In November 2016, the Central Family Court ordered that £29,000 be paid into Attiyah Lone’s office account, with around £100,000 of the proceeds of the two sales to be transferred to the firm’s client account pending a further court order or agreement between the parties.

By the time this happened, however, Mr Lone was operating from his new firm without a client account. He arranged for the money to be transferred instead to Firm B’s client account.

This was in breach of the court order; the solicitor should either have sought a variation of the order or reached agreement with Client C, the SDT said.

The SDT found that Mr Lone “believed that he was attempting to comply with the order”, but had been “inept in his handling of the situation and seriously so” and “effectively” using Firm B as a banking facility.

But though he had “demonstrated a significant level of incompetence” and breached several SRA principles, the tribunal decided the solicitor had not lacked integrity, however.

“To find that an incompetent breach of a court order to amount to a lack of integrity risked requiring [Mr Lone] to be a ‘paragon of virtue’,” it said.

“A solicitor acting carelessly, but with integrity, will breach principle 6 [damaging public trust] if his careless conduct goes beyond mere professional negligence and constitutes ‘manifest incompetence’. The tribunal considered that such was the case here.”

The following year, the SRA intervened in Firm B, citing suspected dishonesty on the part of Person B, the firm’s sole manager.

Firm B had been administering an estate for Client D, the sole executor. Person B took a purported loan of £44,000 from the estate without the client’s permission. Mr Lone allowed him to continue working on the file after transferring it to Mr Lone, even though he was suspended as a result of the SRA closing down his firm.

Mr Lone knew Client D disputed the loan and the SDT said it was inappropriate for him to allow Person B to work on the file.

Person B promised the client he would repay the money and authorised Mr Lone to register a charge against his property if he failed to do so within two months. The money was not paid but Mr Lone did not register the charge.

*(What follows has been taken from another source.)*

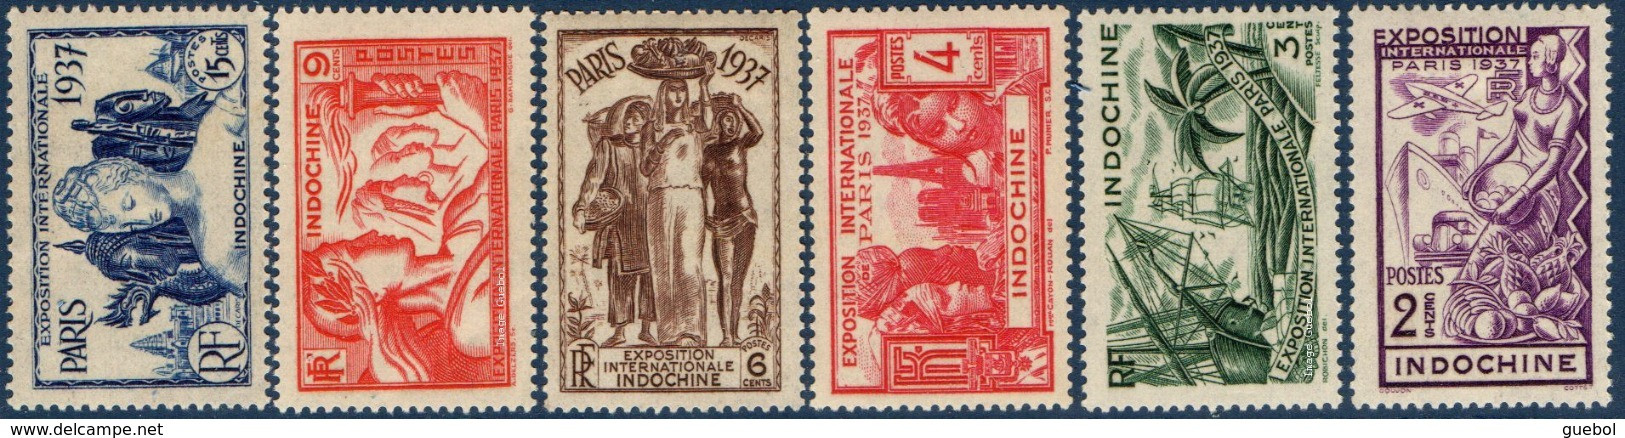 Détail De La Série Exposition Internationale De Paris * Indochine N° 193 à 198 - 1937 Exposition Internationale De Paris

In failing to do this, he had not acted in the best interests of his client and had allowed his independence to be compromised.

The tribunal concluded that Mr Lone had not been motivated by personal gain – the fault lay in “incompetent execution”.

There was no breach of trust, but there was a breach of duty to the court and his clients. He was “significantly experienced and so should have known better”.

The misconduct was mitigated by Mr Lone’s co-operation with the SRA and the tribunal had not seen any evidence that clients lost any money – but this was “down to luck rather than judgement”.

He was fined £8,000 and ordered to pay just under £29,400 in costs.

Even though Mr Lone chose not to give evidence at the hearing, the SDT concluded that it did not need to place restrictions on his future practice, as it was satisfied there was unlikely to be a repeat of what happened.